If you can get your money back, you need to enlist the help of someone that can give you some lessons on all aspects of horses, and help you find a horse that is better suited.


----------



## Saskia (Aug 26, 2009)

It's definitely worth considering selling. A five year old recently off the track isn't going to be the best choice of horse. You want something that has a lot of experience to get you back into riding.

It could be a range of things, saddle fit, feed, living arrangements, he could just be getting one over you. Something that did sort of pop out to me is his mouth. Many people get a a TB and it jig jogs and so they pull on the reins to slow them down, and walk around with a firm contact. This tends to just work thoroughbreds up even more, they want to go, and you keeping hanging on their mouth and they get more and more agitated. Then asking for a canter, pushing them forward while holding the contact, well it's a problem. 

I don't know if that's the case but it could be contributing to the overall problem. Regardless, you don't want a horse that bucks when agitated. Either send him away for training, and get him assessed (even a trained, "finished" horse might not be suitable for a novice), or sell him and try to find something more suitable. 

It's got to the point where you're not happy and he's not happy, and I don't think on your own there is anywhere you can go from here.


----------



## jinxremoving (Apr 6, 2009)

I'm with everyone else, although I would take it a step further and say you were probably lied to in regards to the horse being quiet.

I've been on a handful of young OTTB's and quiet is the last word I would initially use for all of them. Although to be fair, they weren't trying to dump me, but they definitely had more go than whoa and requires a confident rider to get them back under control in a safe manner. I'm currently riding an OTTB, trained in English for the last 2-3 years, and she still has her moments that definitely get your attention. Just last night I was watching a beginner attempt to ride her and the horse bolted into a full on hand gallop when asked for the canter, mainly due to the rider not properly balancing or half halting the horse before asking for it.

I imagine that's kind of what's happening with the OP, the horse is getting too forward, probably launching into the canter and the OP doesn't have the skills to handle the situation so she's getting flustered which only makes the horse get more flustered with mixed signals. It's just an unfortunate situation all around. If you're committed to this horse and see something there, I would send her off for some professional training and use the free time to work on getting an acceptable lunge area going. When the horse comes back, I would definitively pay for some lessons on that horse to see if you're making the situation worse. (In a lot of cases, how the horse acts is a direct result to the rider on the back.)

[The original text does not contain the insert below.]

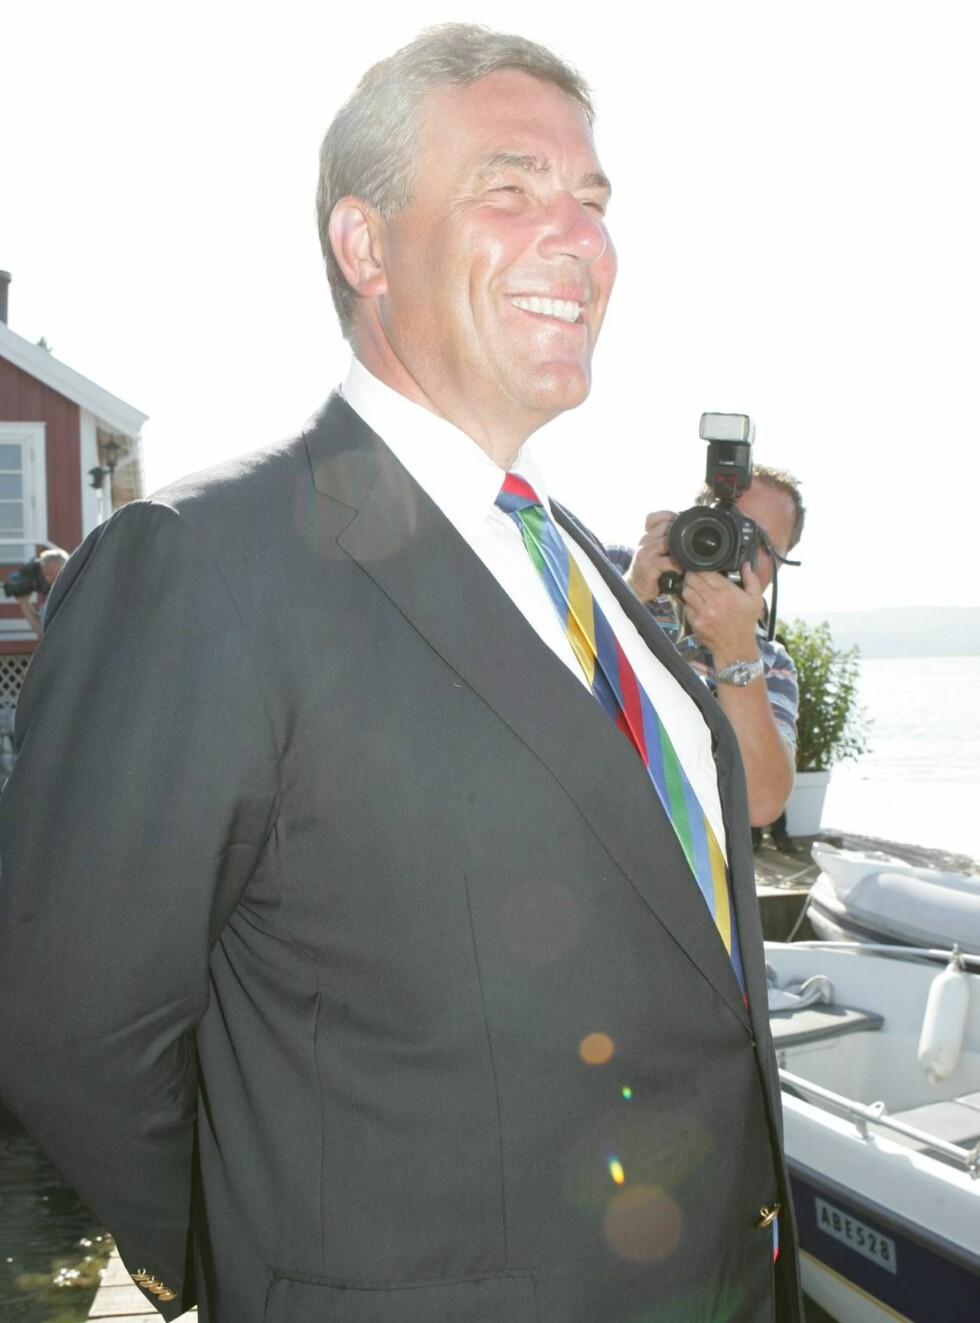 KUNSTINTERESSERT: Stein Erik Hagen - nå også portrettert av Nokas-raner Johnny Thendrup. Foto: Andreas Fadum, Se og Hør

Either way, good luck and if you hop on the horse again, please wear a helmet.


----------



## gssw5 (Jul 30, 2013)

If you know the horse knows, if you don't know the horse knows.
I agree find a trainer, or sell her and find something more suited to you. Either way take some lessons and learn how to work safely with horses.


----------



## Kayty (Sep 8, 2009)

Get rid of the horse. You got done a good one, they should not have sold a beginner rider a young, fresh ottb. They are smart horses and as others have said, once they know you're not ruling the roost, they'll take advantage. 
Don't give up on horses all together. Instead, get yourself a trustworthy trainer and get them to help you find something. What ever you do, don't go and look at horses on your own, fall in love and impulse buy. It ends in disaster like you have just experienced.


----------



## Golden Horse (Feb 20, 2010)

Palomine said:


> .
> 
> That said? OP needs to tell former owner to come get this horse and get their money back.


Oh if life were that easy!

Why is the previous owner going to do this? Horse was sold, done deal. Unfortunately there is no guarantee that a horse will remain the same in a new home. I know to my cost that older returner riders, like err me, do not have all the skills that they once had. Projects, youngsters etc are not always the best choice.

Op good luck, either get some help, or another horse, believe me I learned the hard way and got hurt, so now I'm preaching safety first.


----------